Choosing the right camera interface in embedded vision: a definitive guide

The camera interface is the core of every embedded vision system, serving as more than just a data channel. It is essential for ensuring the system’s output quality, speed, and precision. One of the key challenges in attaining the desired quality in embedded vision systems in the early days was the lack of an interface that could transfer high-bandwidth data. However, a lot has changed in the last few years in camera interface technology.

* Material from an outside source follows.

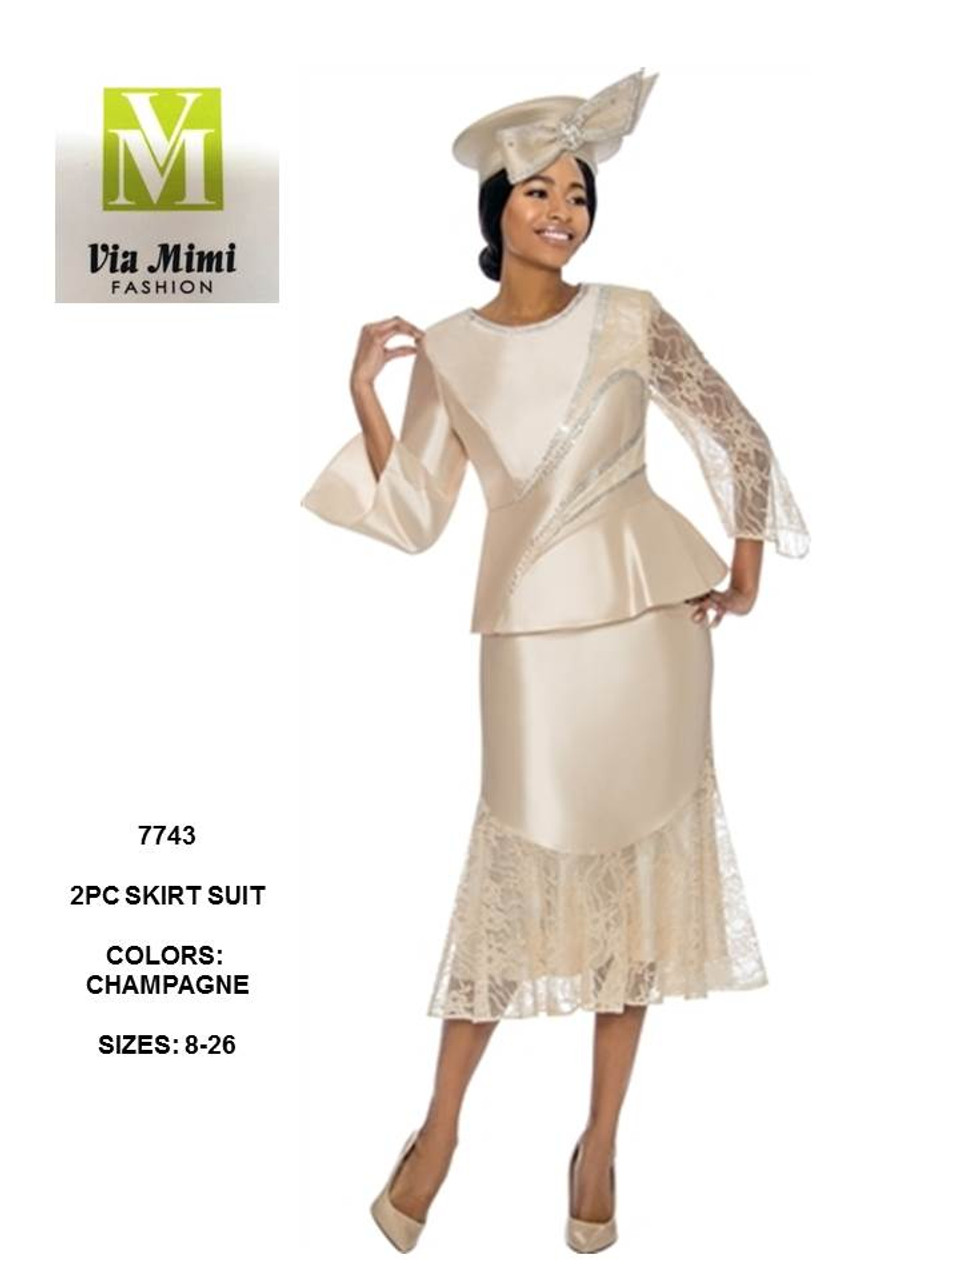 9f588c06369b6 TERRAMINA - 7743 - EMBELLISHED 2PC SKIRT SUIT - SIZES  8-26 - COLOR   CHAMPAGNE - Via Mimi Fashion

This blog post will cover widely used interfaces such as USB, MIPI, and Ethernet, as well as SerDes technologies like FPD-Link and GMSL. We will analyze their strengths and weaknesses. Whether you decide on resolution, frame rate, transmission distance, host platform compatibility, latency, cost, or ease of integration, this guide offers clear insights into making informed choices.

What is embedded vision? How is it different from machine vision?

Embedded vision and machine vision are two distinct technologies that allow machines to perceive their surroundings visually, each with specific functions and applications.

Machine vision

  • Definition and function: Machine vision allows computers or machines to understand and interpret visual data by utilizing cameras, image-processing software, and hardware components to capture, analyze, and make decisions based on visual information.
  • System characteristics: These systems frequently rely on industrial or commercial PCs to manage the computational workload. They are equipped with specialized hardware and software for efficient image analysis and processing of visual data.
  • Applications: Machine vision is commonly employed in environments requiring high levels of precision and computational capability, such as manufacturing quality control. In this context, it can detect defects, guide assembly robots, or track items as they move through a production line.

Embedded vision

  • Definition and function: Embedded vision is the seamless integration of processing capabilities directly into the vision device. This enables real-time interpretation of visual data on-device and on-board, delivering valuable insights. This integration’s compactness, reduced operational costs, and immediate responsiveness make it highly advantageous.
  • System characteristics: Embedded vision systems are characterized by compactness and ease of integration, processing data on-device or on-board. This makes them particularly suitable for applications where space and power efficiency are crucial.
  • Applications: Common applications include drones, autonomous vehicles, smart traffic devices, and various Internet of Things (IoT) devices. These systems enable autonomous decision-making based on visual information by integrating embedded cameras with processors such as TI Jacinto TDA4VM, NVIDIA Jetson Orin, and NXP i.MX8, and others.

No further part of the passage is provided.